Using AVX CPU instructions: Poor performance without "/arch:AVX"

My C++ code uses SSE and now I want to improve it to support AVX when it is available. So I detect when AVX is available and call a function that uses AVX commands. I use Win7 SP1 + VS2010 SP1 and a CPU with AVX.
To use AVX, it is necessary to include this:
#include "immintrin.h"
and then you can use intrinsics AVX functions like _mm256_mul_ps, _mm256_add_ps etc.
The problem is that by default, VS2010 produces code that works very slowly and shows the warning:
warning C4752: found Intel(R) Advanced Vector Extensions; consider
using /arch:AVX
It seems VS2010 actually does not use AVX instructions, but instead, emulates them. I added /arch:AVX to the compiler options and got good results. But this option tells the compiler to use AVX commands everywhere when possible. So my code may crash on CPU that does not support AVX!
So the question is how to make VS2010 compiler to produce AVX code but only when I specify AVX intrinsics directly. For SSE it works, I just use SSE intrinsics functions and it produce SSE code without any compiler options like /arch:SSE. But for AVX it does not work for some reason.
2021 update: Modern versions of MSVC don't need manual use of _mm256_zeroupper() even when compiling AVX intrinsics without /arch:AVX. VS2010 did.
The behavior that you are seeing is the result of expensive state-switching.
See page 102 of Agner Fog's manual:
http://www.agner.org/optimize/microarchitecture.pdf
Every time you improperly switch back and forth between SSE and AVX instructions, you will pay an extremely high (~70) cycle penalty.
When you compile without /arch:AVX, VS2010 will generate SSE instructions, but will still use AVX wherever you have AVX intrinsics. Therefore, you'll get code that has both SSE and AVX instructions - which will have those state-switching penalties. (VS2010 knows this, so it emits that warning you're seeing.)
Therefore, you should use either all SSE, or all AVX. Specifying /arch:AVX tells the compiler to use all AVX.
It sounds like you're trying to make multiple code paths: one for SSE, and one for AVX.
For this, I suggest you separate your SSE and AVX code into two different compilation units. (one compiled with /arch:AVX and one without) Then link them together and make a dispatcher to choose based on the what hardware it's running on.
If you need to mix SSE and AVX, be sure to use _mm256_zeroupper() or _mm256_zeroall() appropriately to avoid the state-switching penalties.
tl;dr for old versions of MSVC only
Use _mm256_zeroupper(); or _mm256_zeroall(); around sections of code using AVX (before or after depending on function arguments).

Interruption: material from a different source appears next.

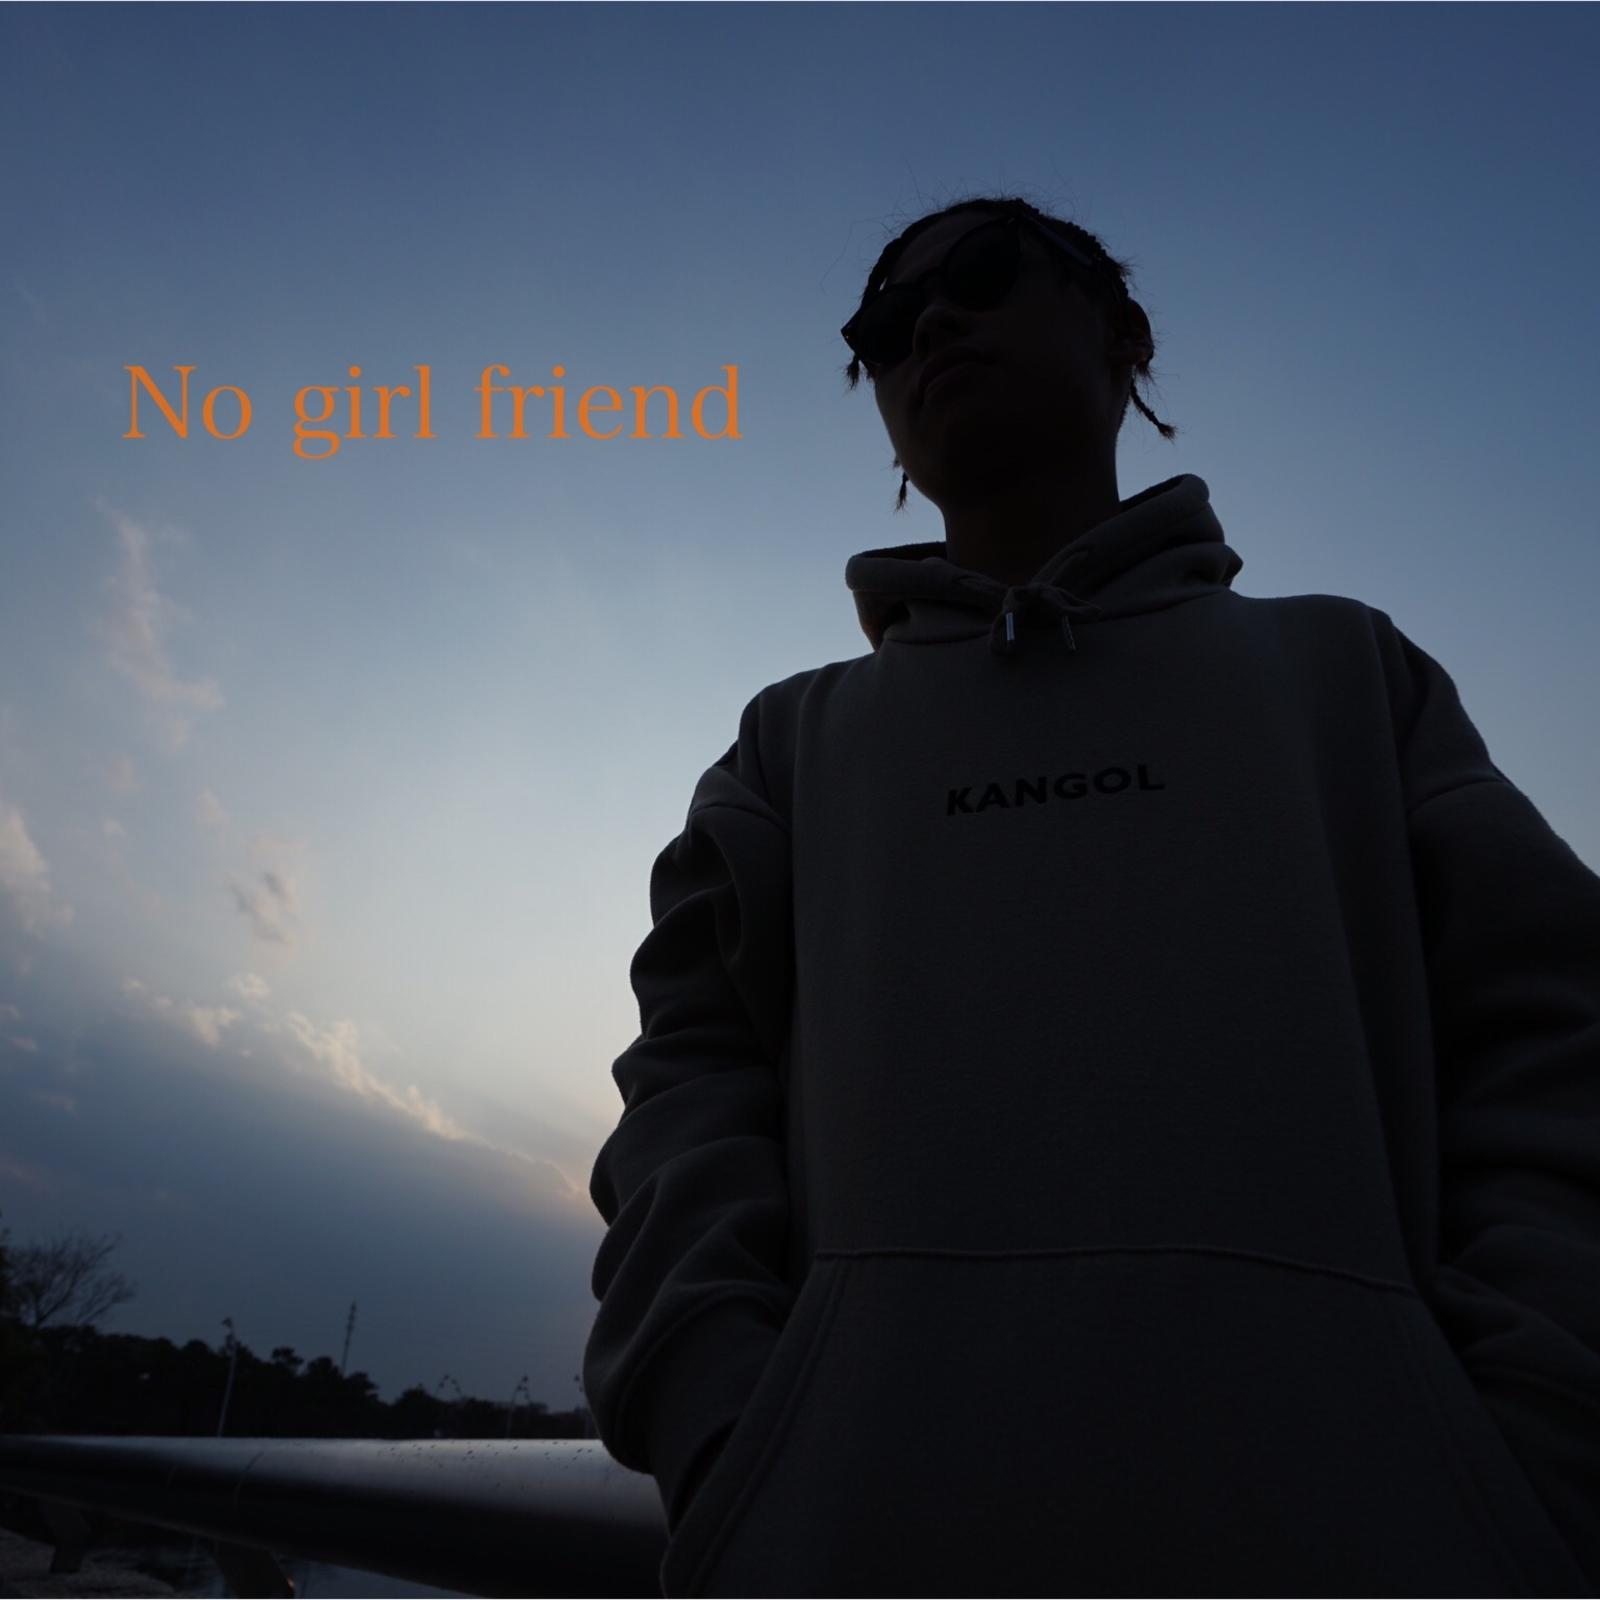 C03140e0183b7eb036fec0df550d84bd.jpeg?sr.dw=286&sr
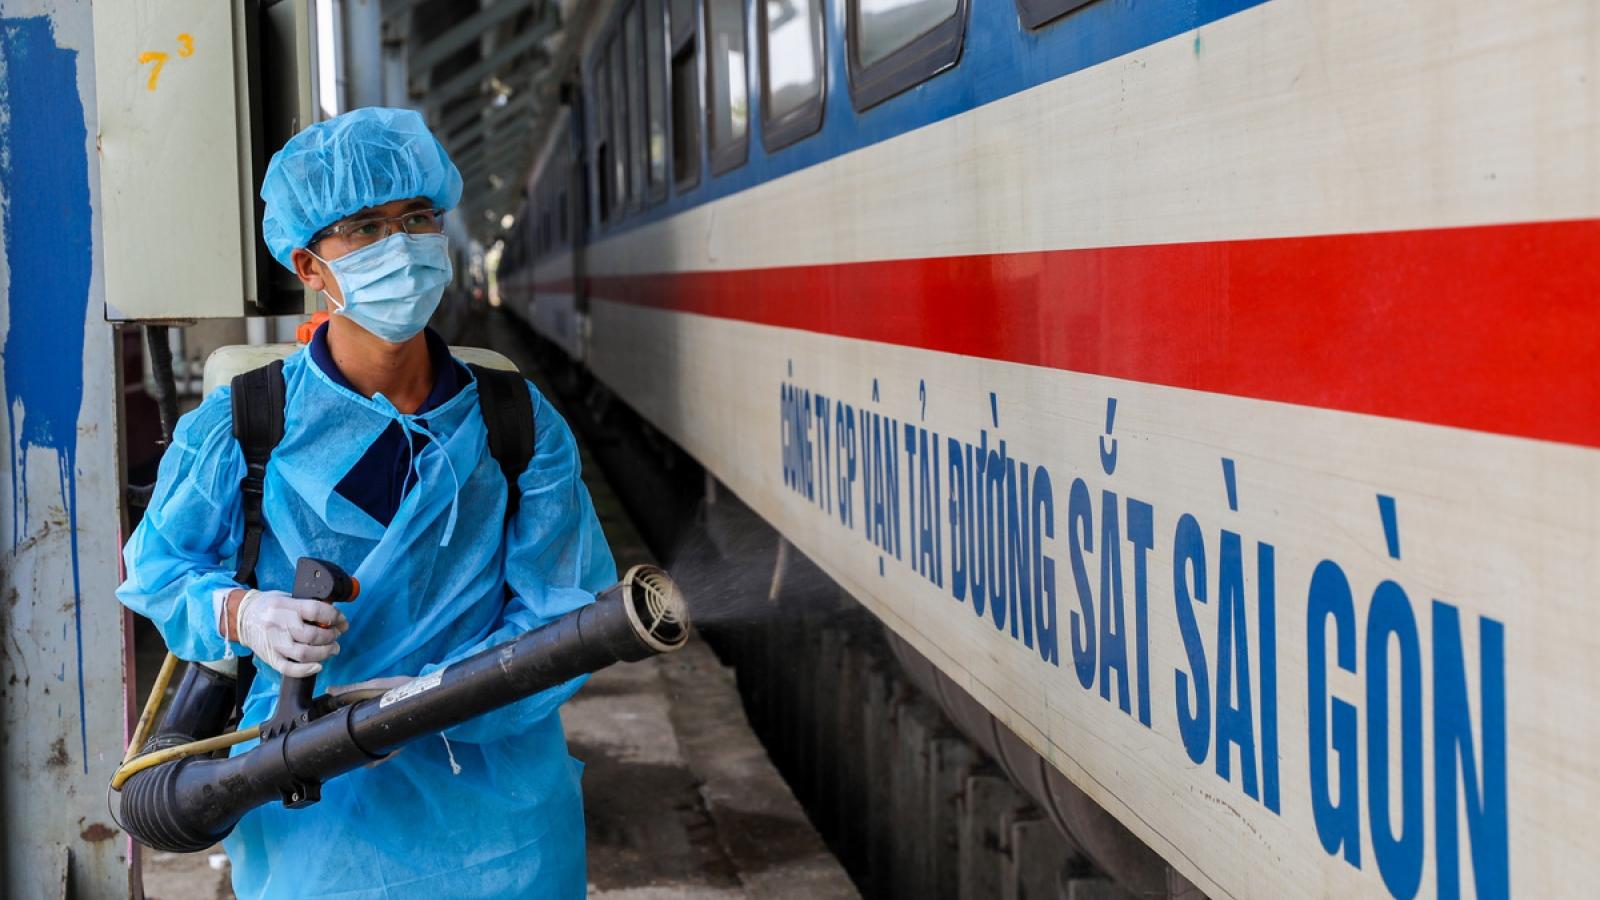 Bệnh nhân COVID-19 ở Quảng Trị đi tàu SE4, nhân viên nhà tàu có bị cách ly?

Only use option /arch:AVX for source files with AVX rather than for an entire project to avoid breaking support for legacy-encoded SSE-only code paths.
In modern MSVC (and the other mainstream compilers, GCC/clang/ICC), the compiler knows when to use a vzeroupper asm instruction. Forcing extra vzerouppers with intrinsics can hurt performance when inlining. See Do I need to use _mm256_zeroupper in 2021?
Cause
I think the best explanation is in the Intel article, "Avoiding AVX-SSE Transition Penalties" (PDF). The abstract states:
Transitioning between 256-bit Intel® AVX instructions and legacy Intel® SSE instructions within a program may cause performance penalties because the hardware must save and restore the upper 128 bits of the YMM registers.
Separating your AVX and SSE code into different compilation units may NOT help if you switch between calling code from both SSE-enabled and AVX-enabled object files, because the transition may occur when AVX instructions or assembly are mixed with any of (from the Intel paper):
128-bit intrinsic instructions
SSE inline assembly
C/C++ floating point code that is compiled to Intel® SSE
Calls to functions or libraries that include any of the above
This means there may even be penalties when linking with external code using SSE.
Details
There are 3 processor states defined by the AVX instructions, and one of the states is where all of the YMM registers are split, allowing the lower half to be used by SSE instructions. The Intel document "Intel® AVX State Transitions: Migrating SSE Code to AVX" provides a diagram of these states:
When in state B (AVX-256 mode), all bits of the YMM registers are in use. When an SSE instruction is called, a transition to state C must occur, and this is where there is a penalty. The upper half of all YMM registers must be saved into an internal buffer before SSE can start, even if they happen to be zeros. The cost of the transitions is on the "order of 50-80 clock cycles on Sandy Bridge hardware". There is also a penalty going from C -> A, as diagrammed in Figure 2.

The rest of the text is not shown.